By the end of this session, you will be able to:
MetaPhlAn (Metagenomic Phylogenetic Analysis) is a computational tool designed for profiling the composition of microbial communities from metagenomic sequencing data. It uses a unique database of clade-specific marker genes to identify and quantify taxa within a sample, providing a high-resolution taxonomic profile. This makes it particularly valuable for studies exploring the diversity and abundance of microbial communities in various environments, including the human microbiome.
Let’s run MetaPhlAn over our samples. But MetaPhlAn output files are scarcely more user-friendly than Kraken output files.
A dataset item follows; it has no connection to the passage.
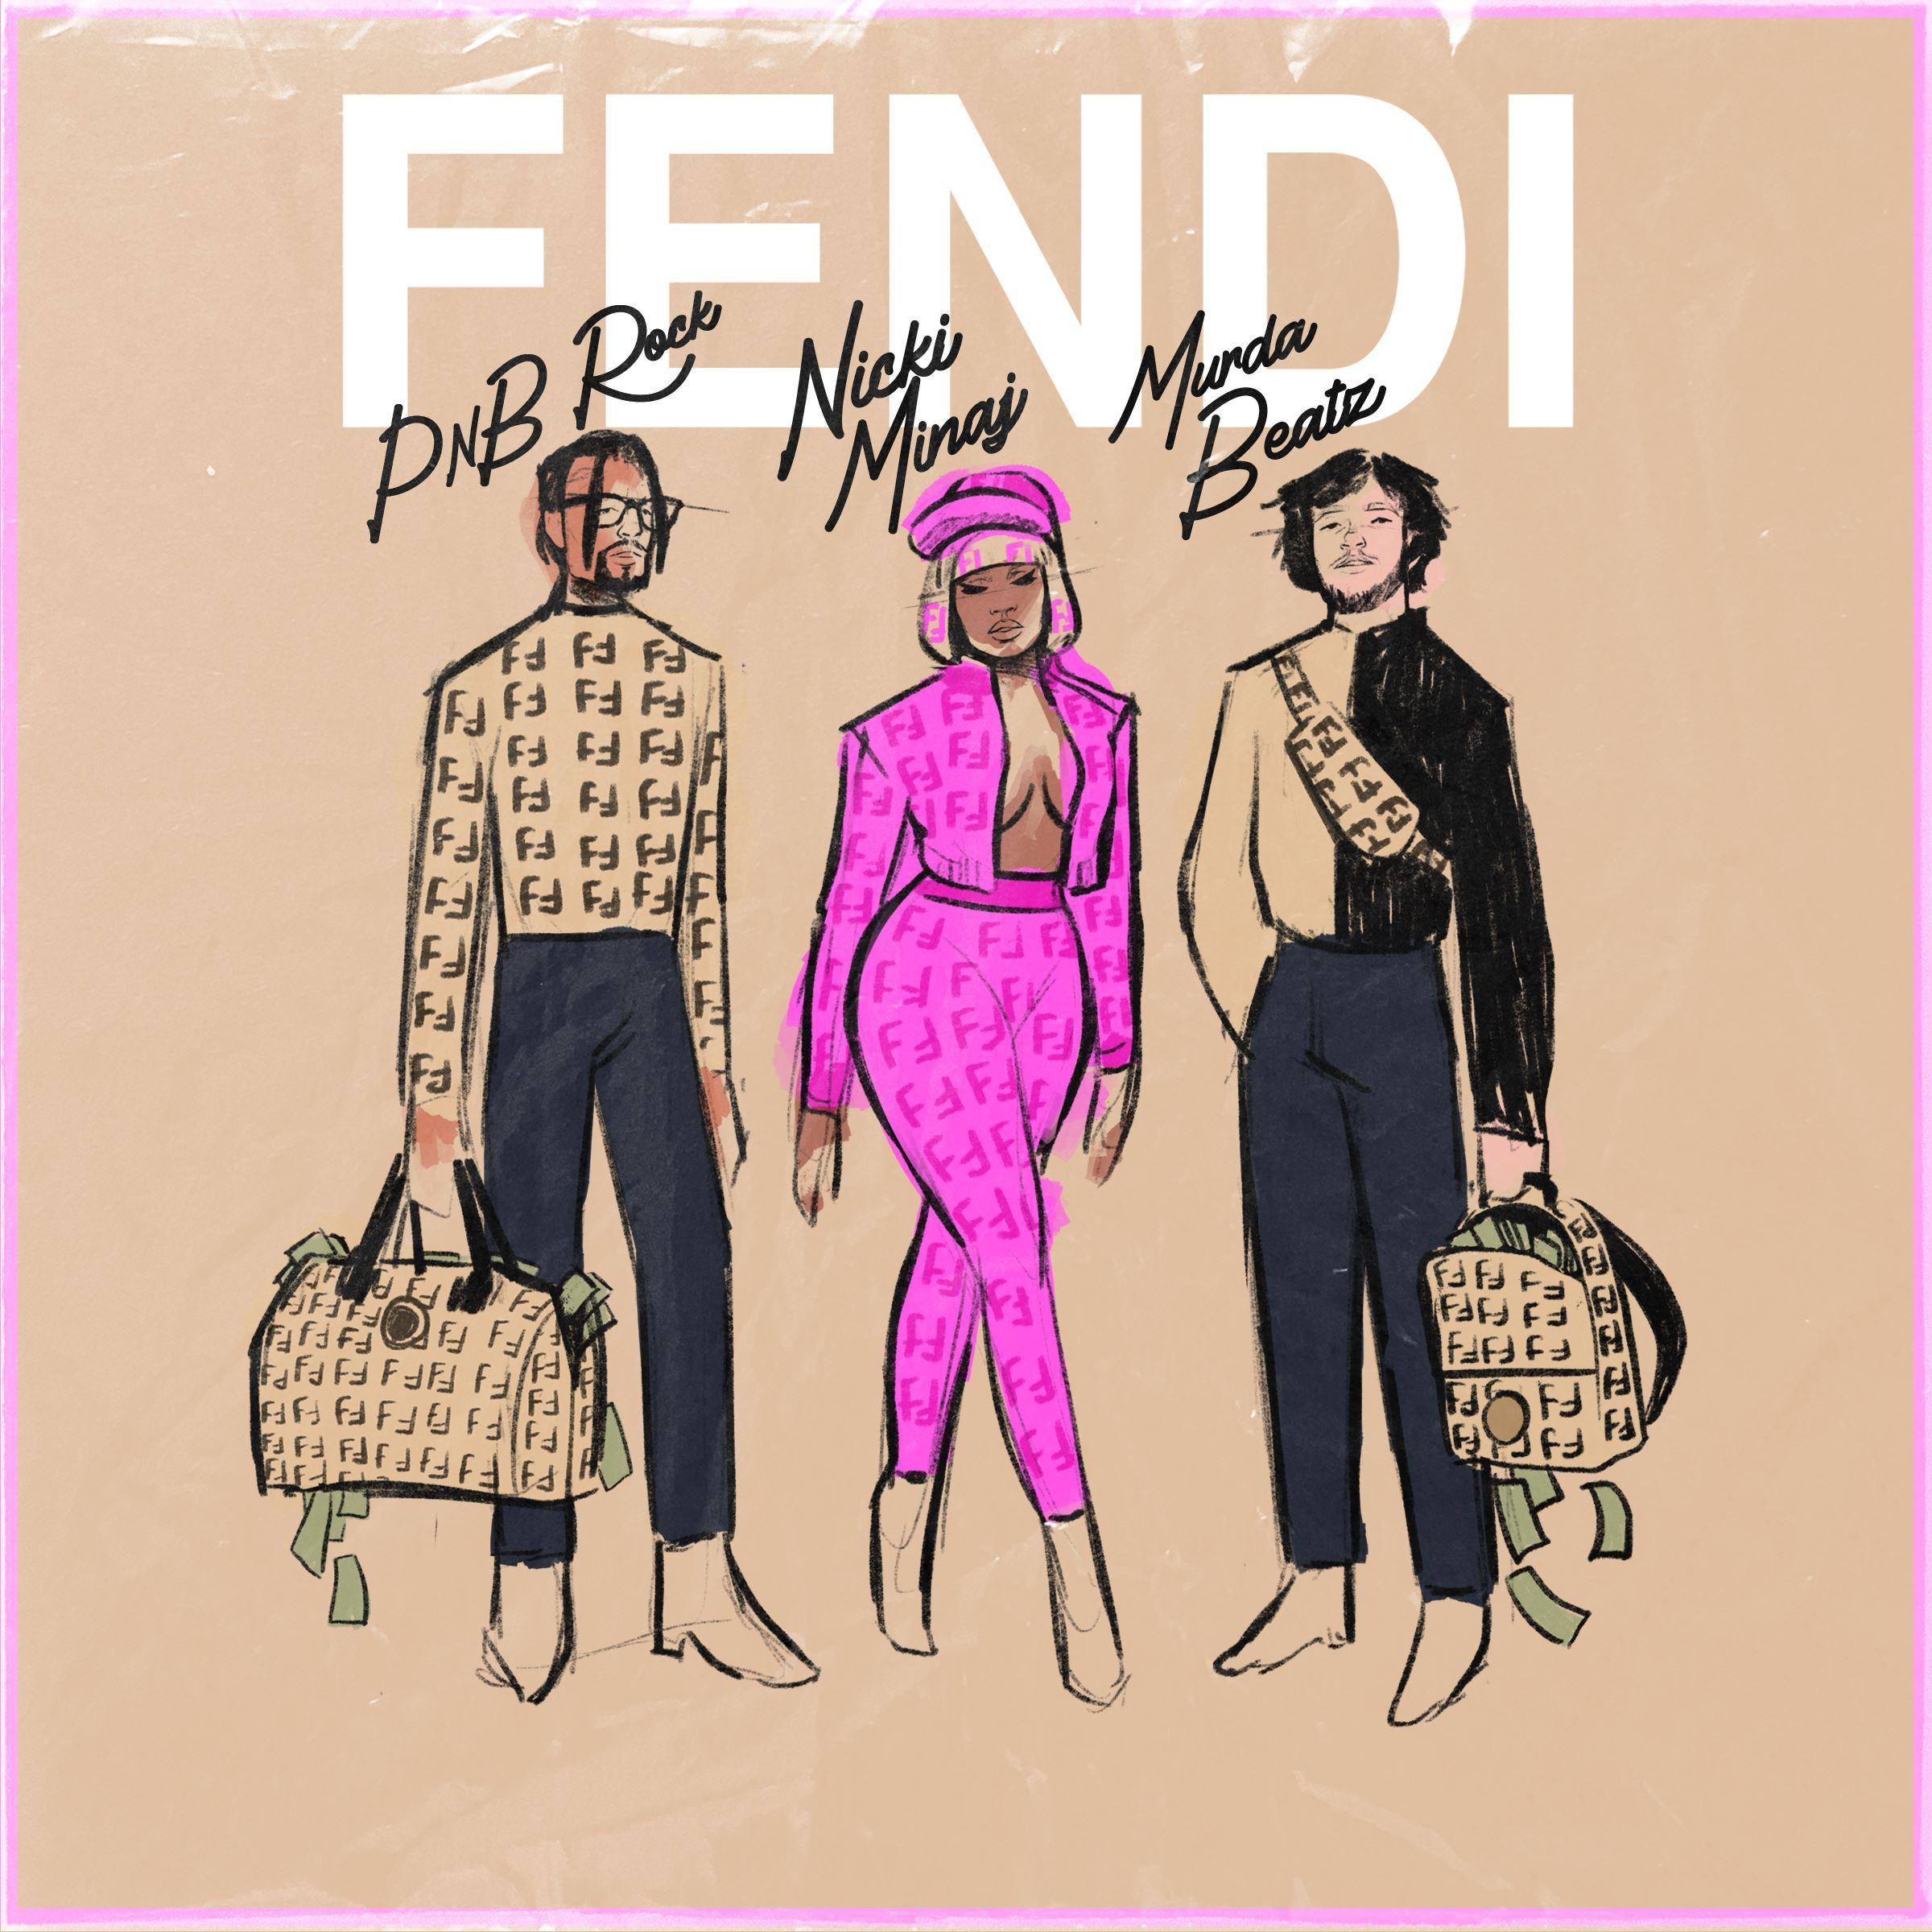 Fendi (song)

Here’s what the first few lines of a MetaPhlAn output file look like
--input_type #/shared/team/conda/mpallen.mmb-dtp/seqanalysis/bin/MetaPhlAn
relative_abundance #clade_name
100.0 Bacteria
99.697 Bacteria Proteobacteria
0.15144 Bacteria Bacteroidetes
0.1238 Bacteria Actinobacteria
0.02776 Bacteria Firmicutes
99.697 Bacteria Proteobacteria Gammaproteobacteria
0.15144 Bacteria Bacteroidetes Bacteroidia
0.1238 Bacteria Actinobacteria Actinobacteria
0.02776 Bacteria Firmicutes Clostridia
99.697 Bacteria Proteobacteria Gammaproteobacteria Enterobacterales
0.15144 Bacteria Bacteroidetes Bacteroidia Bacteroidales
0.08413 Bacteria Actinobacteria Actinobacteria Micrococcales
0.02776 Bacteria Firmicutes Clostridia Clostridiales
0.02485 Bacteria Actinobacteria Actinobacteria Propionibacteriales
0.01482 Bacteria Actinobacteria Actinobacteria Bifidobacteriales
94.39562 Bacteria Proteobacteria Gammaproteobacteria Enterobacterales Yersiniaceae
5.29717 Bacteria Proteobacteria Gammaproteobacteria Enterobacterales Erwiniaceae
0.15144 Bacteria Bacteroidetes Bacteroidia Bacteroidales Bacteroidaceae
0.08413 Bacteria Actinobacteria Actinobacteria Micrococcales Microbacteriaceae
0.02485 Bacteria Actinobacteria Actinobacteria Propionibacteriales Propionibacteriaceae
0.01482 Bacteria Actinobacteria Actinobacteria Bifidobacteriales Bifidobacteriaceae
0.01392 Bacteria Firmicutes Clostridia Clostridiales Ruminococcaceae
0.01096 Bacteria Firmicutes Clostridia Clostridiales Peptostreptococcaceae
0.00421 Bacteria Proteobacteria Gammaproteobacteria Enterobacterales Enterobacteriaceae
0.00288 Bacteria Firmicutes Clostridia Clostridiales Lachnospiraceae
94.39562 Bacteria Proteobacteria Gammaproteobacteria Enterobacterales Yersiniaceae Serratia
5.29717 Bacteria Proteobacteria Gammaproteobacteria Enterobacterales Erwiniaceae Erwinia
0.15144 Bacteria Bacteroidetes Bacteroidia Bacteroidales Bacteroidaceae Bacteroides
0.08413 Bacteria Actinobacteria Actinobacteria Micrococcales Microbacteriaceae Curtobacterium
0.02485 Bacteria Actinobacteria Actinobacteria Propionibacteriales Propionibacteriaceae Cutibacterium
0.01482 Bacteria Actinobacteria Actinobacteria Bifidobacteriales Bifidobacteriaceae Bifidobacterium
0.01392 Bacteria Firmicutes Clostridia Clostridiales Ruminococcaceae Faecalibacterium
0.01096 Bacteria Firmicutes Clostridia Clostridiales Peptostreptococcaceae Paeniclostridium
0.00421 Bacteria Proteobacteria Gammaproteobacteria Enterobacterales Enterobacteriaceae Enterobacter
0.00213 Bacteria Firmicutes Clostridia Clostridiales Lachnospiraceae Fusicatenibacter
0.00075 Bacteria Firmicutes Clostridia Clostridiales Lachnospiraceae Lachnospiraceae_unclassified
94.39562 Bacteria Proteobacteria Gammaproteobacteria Enterobacterales Yersiniaceae Serratia Serratia_fonticola
It would be great if we could look at them as krona plots, but krona won’t take MetaPhlAn output files as input. But with a little text manipulation we can make it work, so that we can run MetaPhlAn and create krona files. With help from ChatGPT, I have written a script that does this.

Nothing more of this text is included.